» Provided data:
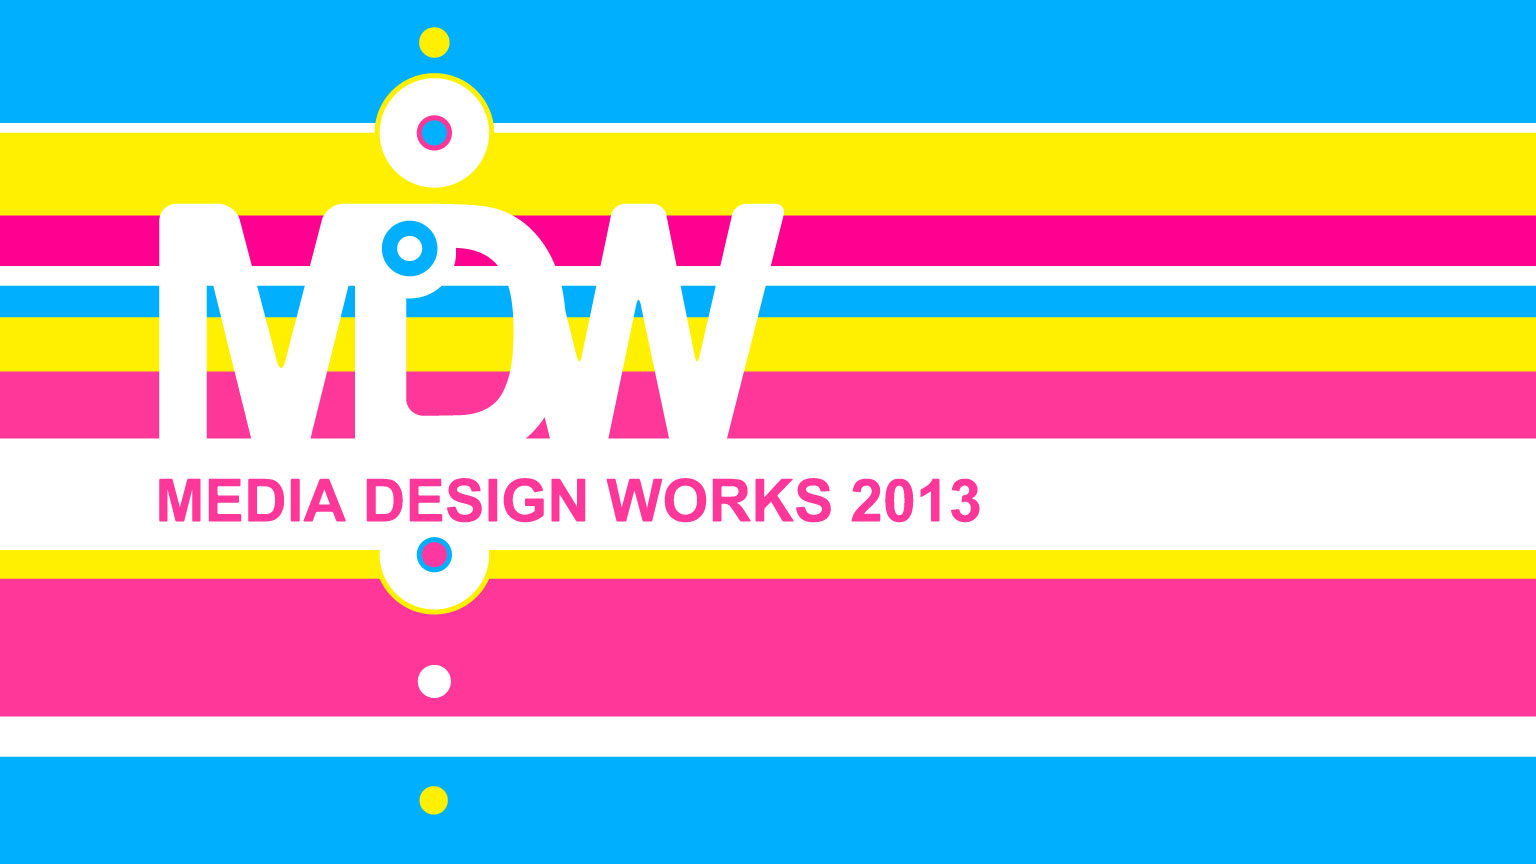 Media Design Works 2013のキービジュアルです。"M", "D" の文字が中央に白色で大きくあしらわれ、そのすぐ下には小さめの文字で "MEDIA DESIGN WORKS 2013" と書かれています。背景はビビッドな赤、青、黄、白色を使ったランダムな太さのストライプです。
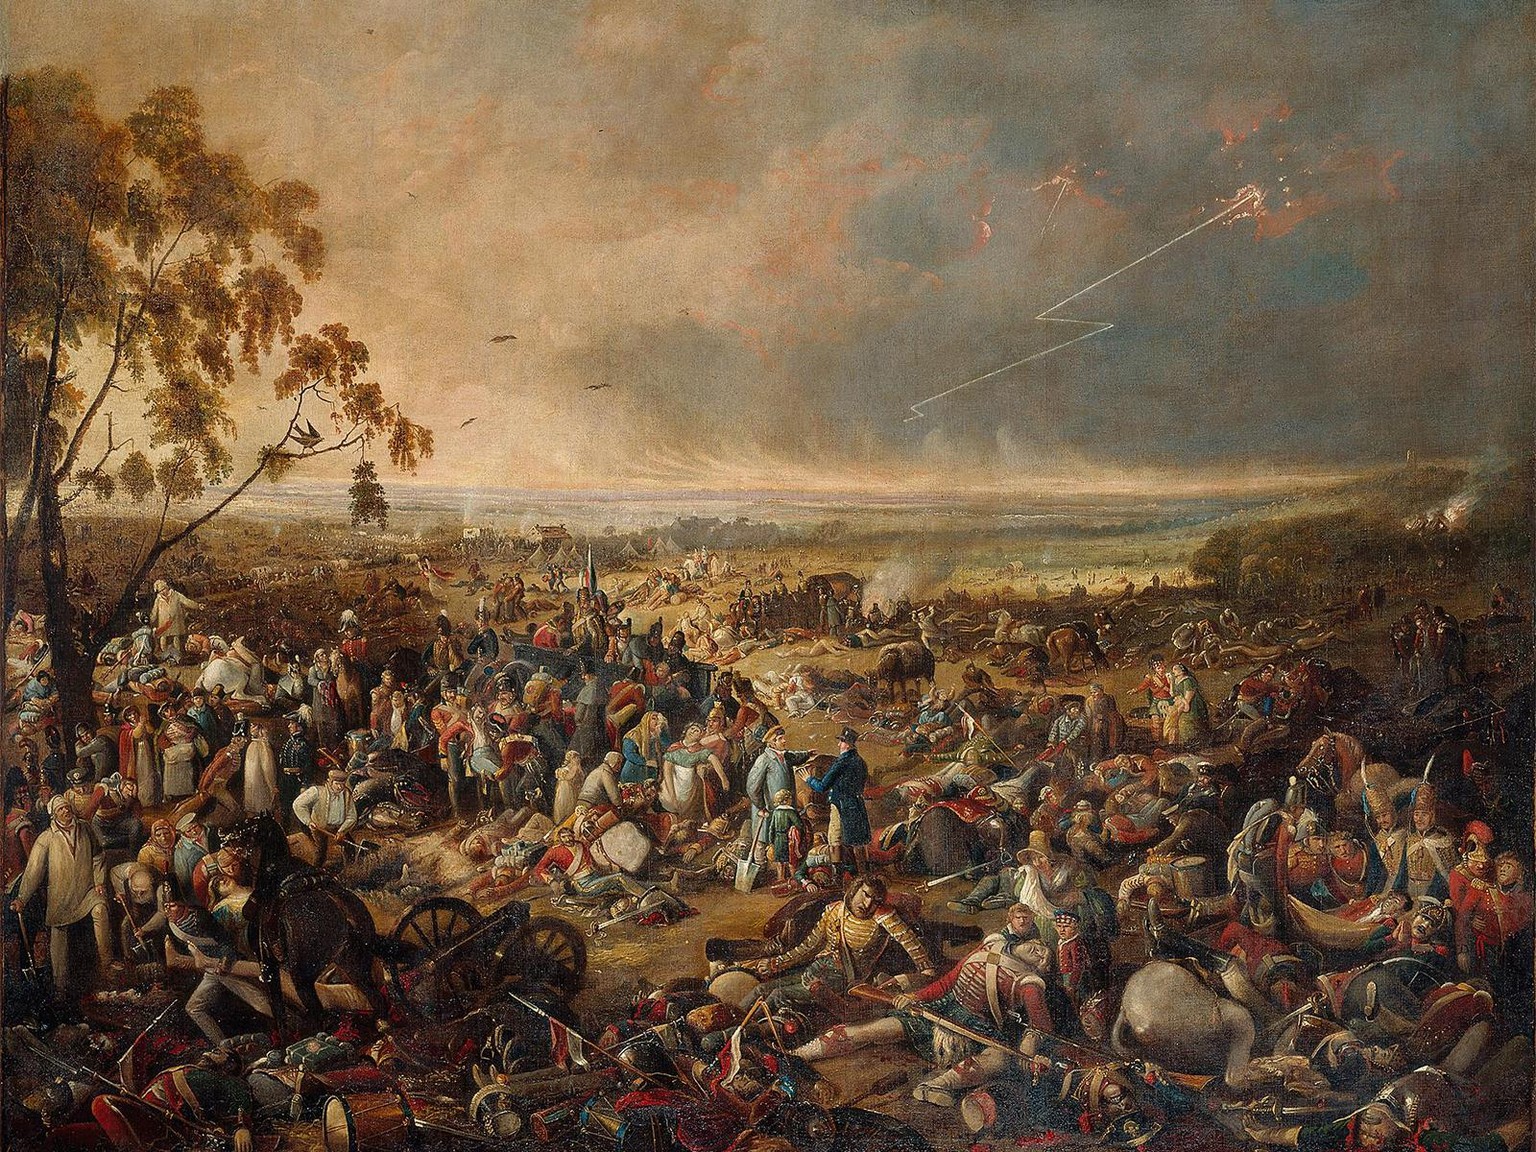 Am Morgen nach der Schlacht von Waterloo am 19. Juni 1815. Gemälde von John Heaviside Clark und Matthew Dubourg, um 1816.
https://www.dhm.de/lemo/bestand/objekt/am-morgen-nach-der-schlacht-von-waterlo ...
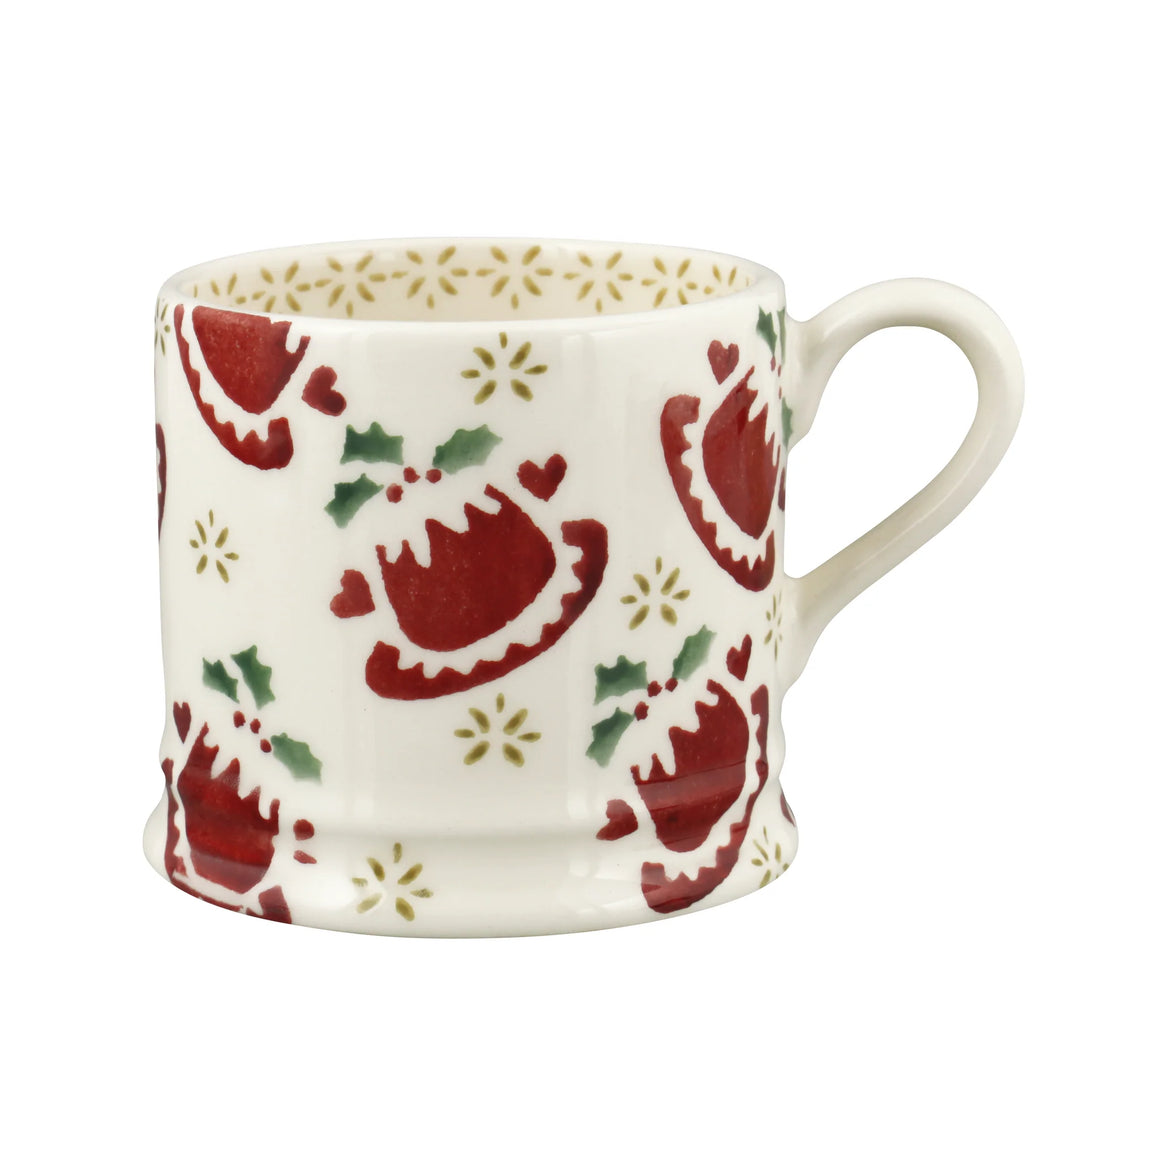 Emma Bridgewater Christmas Puddings Small Mug- Sale
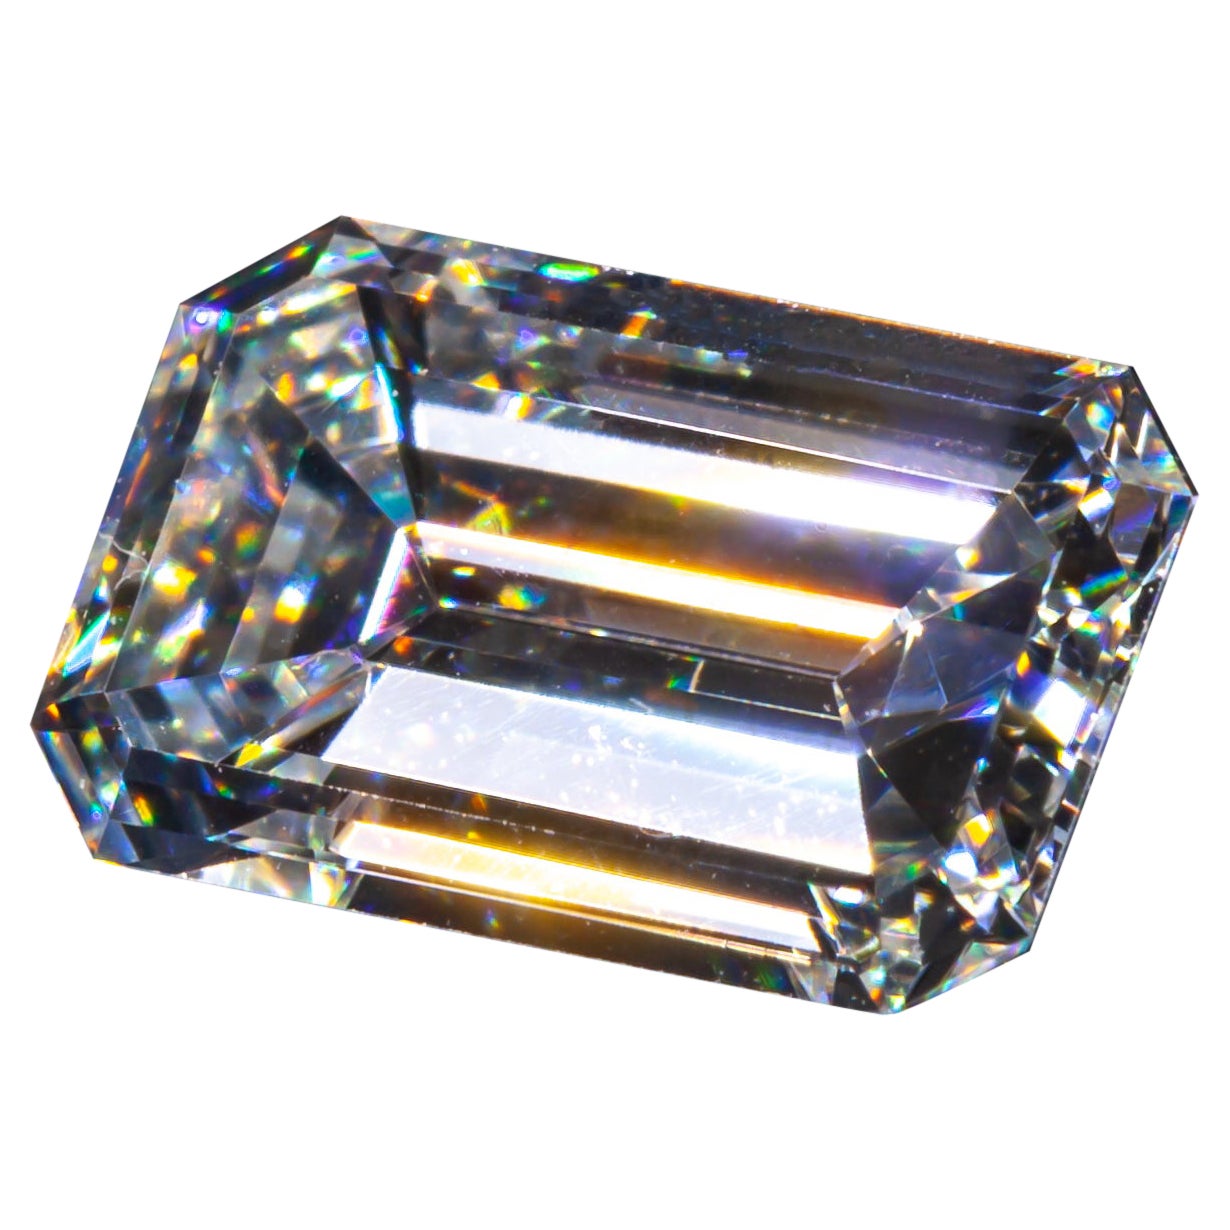 0.87 Carat Loose D / VS1 Emerald Cut Diamond GIA Certified For Sale

» What this task involves: Quote exactly, and only, the lines from the one containing "Am Morgen nach" through the last line of the records above, both included; leave out any pictures.

» Response to the task:
 Am Morgen nach der Schlacht von Waterloo am 19. Juni 1815. Gemälde von John Heaviside Clark und Matthew Dubourg, um 1816.
https://www.dhm.de/lemo/bestand/objekt/am-morgen-nach-der-schlacht-von-waterlo ...
 Emma Bridgewater Christmas Puddings Small Mug- Sale
 0.87 Carat Loose D / VS1 Emerald Cut Diamond GIA Certified For Sale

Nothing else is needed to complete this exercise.